You'll need to have Python 3.6 or later installed on your system. You can download the latest version of Python from the official website: https://www.python.org/downloads/

PyTorch

You can install PyTorch using pip. Run the following command in your terminal to install PyTorch (refer - https://pytorch.org/get-started/locally/): pip install torch torchvision

CUDA

To use PyTorch with CUDA, you'll need to have a compatible NVIDIA GPU and the CUDA toolkit installed on your system. You can download the CUDA toolkit from the official NVIDIA website: https://developer.nvidia.com/cuda-downloads

Make sure to select the correct version of the CUDA toolkit that's compatible with your GPU and operating system.

Once you have the CUDA toolkit installed, you'll need to set the following environment variables:

export PATH=/usr/local/cuda/bin:$PATH export LD_LIBRARY_PATH=/usr/local/cuda/lib64:$LD_LIBRARY_PATH

You can add these environment variables to your .bashrc file to make them persistent.

cuDNN

You'll also need to install the cuDNN library, which is a CUDA-accelerated library for deep neural networks. You can download the cuDNN library from the NVIDIA website: https://developer.nvidia.com/cudnn

Make sure to select the version of the cuDNN library that's compatible with your CUDA toolkit and operating system.

Once you have all of these requirements installed, you should be able to run Python with PyTorch and CUDA on your system.

ALTERNTIVE - USE Google Colab

Using PyTorch with CUDA on Google Colab

To use Python with PyTorch and CUDA on Google Colab, you can follow these steps:

Open a new notebook in Google Colab.
Go to "Runtime" and select "Change runtime type".
Under "Hardware accelerator", select "GPU" and click "SAVE".
Install PyTorch using pip.

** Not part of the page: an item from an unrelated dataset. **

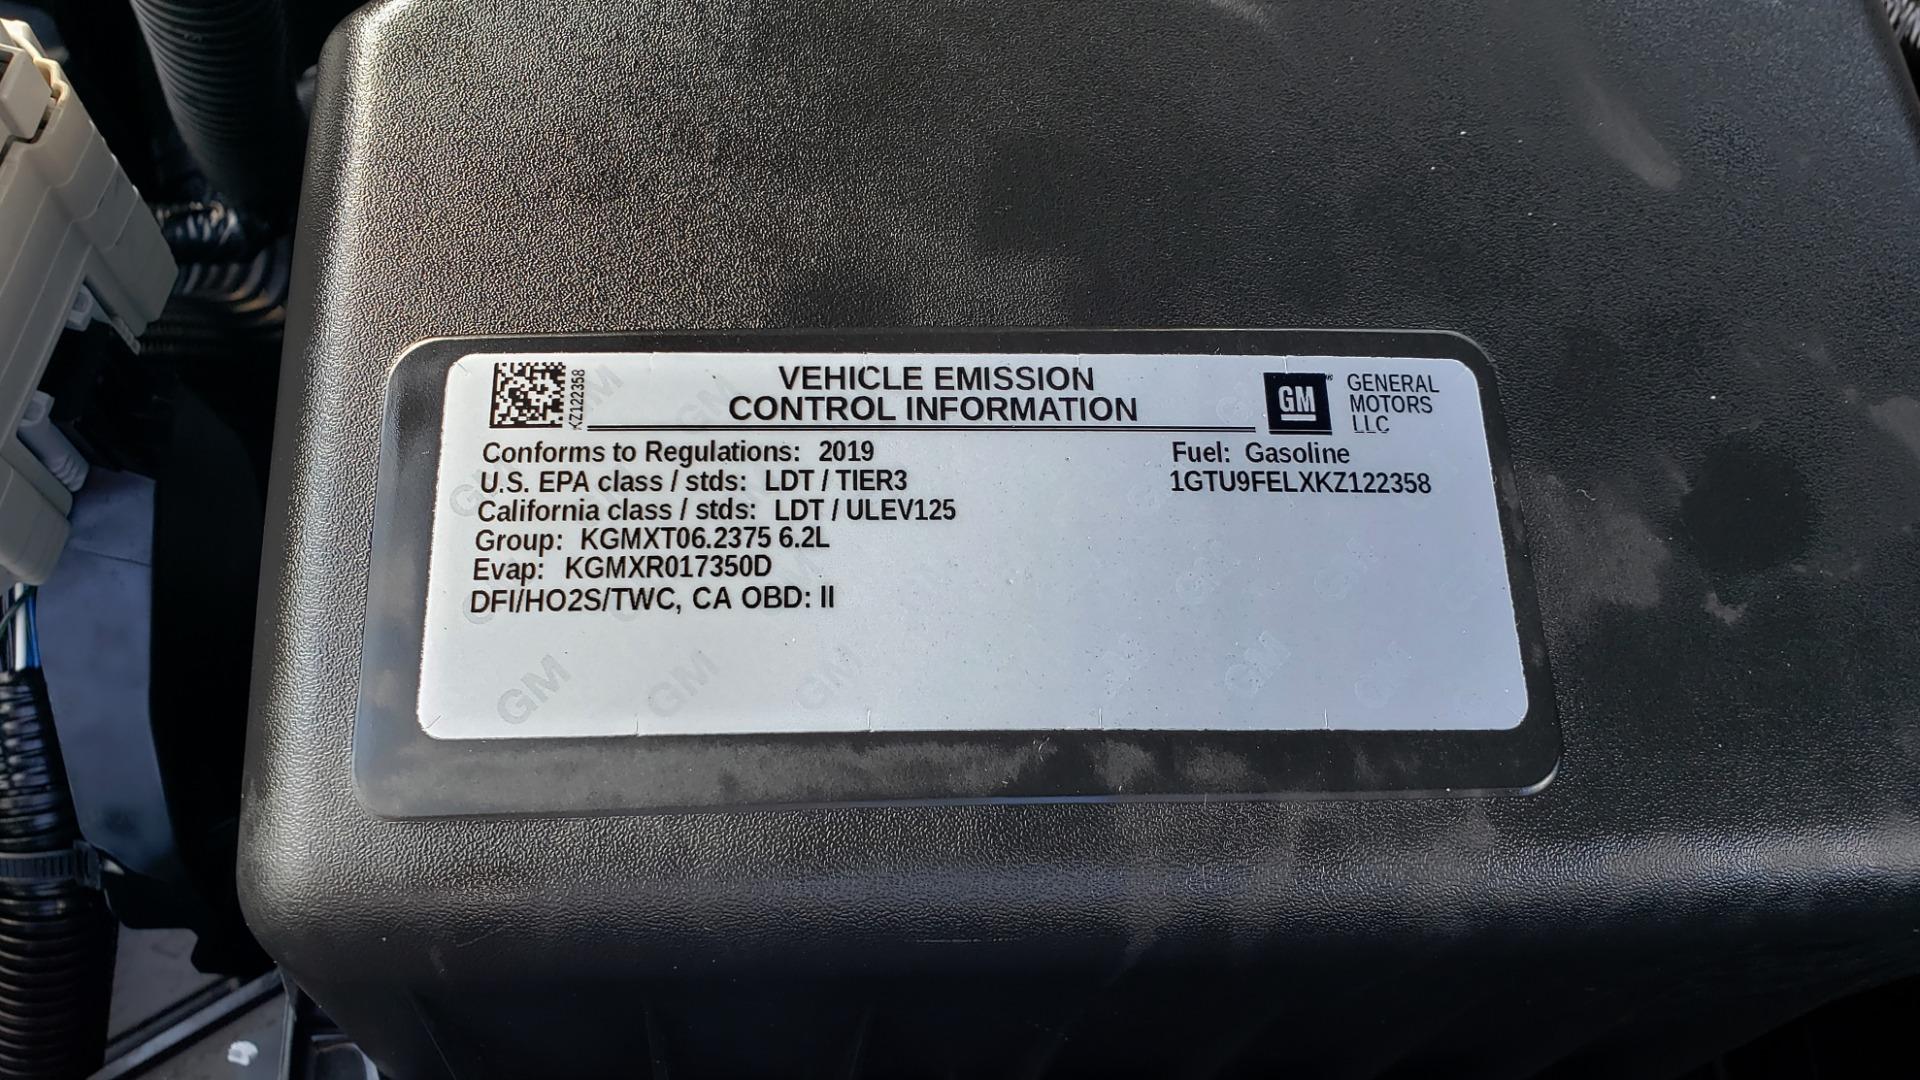 Used 2019 GMC SIERRA 1500 DENALI ULTIMATE 4WD / NAV / TECH PKG / DRVR ALRT for sale Sold at Formula Imports in Charlotte NC 28227 18

Run the following command in a code cell: !pip install torch torchvision
Verify that PyTorch is installed by importing it and printing the version number:

python import torch print(torch.__version__) This should output the version number of PyTorch.

To use CUDA, you don't need to install anything additional on Google Colab since it already has the CUDA toolkit and drivers installed on its virtual machines.
You can now start using PyTorch with CUDA in your Google Colab notebook.

Training and Validating Our PyTorch Models in Google Colab

To train and validate our PyTorch models in Google Colab, you can follow these steps:

Load the dataset into a format that PyTorch can use, such as a torch.utils.data.Dataset.
Split the dataset into training and validation sets, for example using torch.utils.data.random_split().
Define a loss function, for example using torch.nn.CrossEntropyLoss().
Define an optimizer, for example using torch.optim.Adam().
Train the model for a specified number of epochs or until convergence.
Validate the model using validation split.
Save the trained model to disk using torch.save().

Code for all the above steps is available in folders:

COMP6721_Winter2023_GroupN/Simple Chest XRay/
COMP6721_Winter2023_GroupN/Harvard Chest XRay/
COMP6721_Winter2023_GroupN/Hyperparameter Tuning/
COMP6721_Winter2023_GroupN/Transfer Learning/
COMP6721_Winter2023_GroupN/NIH Chest XRay/

all the utility functions used can be found here : COMP6721_Winter2023_GroupN/utils.ipynb

The links for original full datasets can be found in Introduction section above.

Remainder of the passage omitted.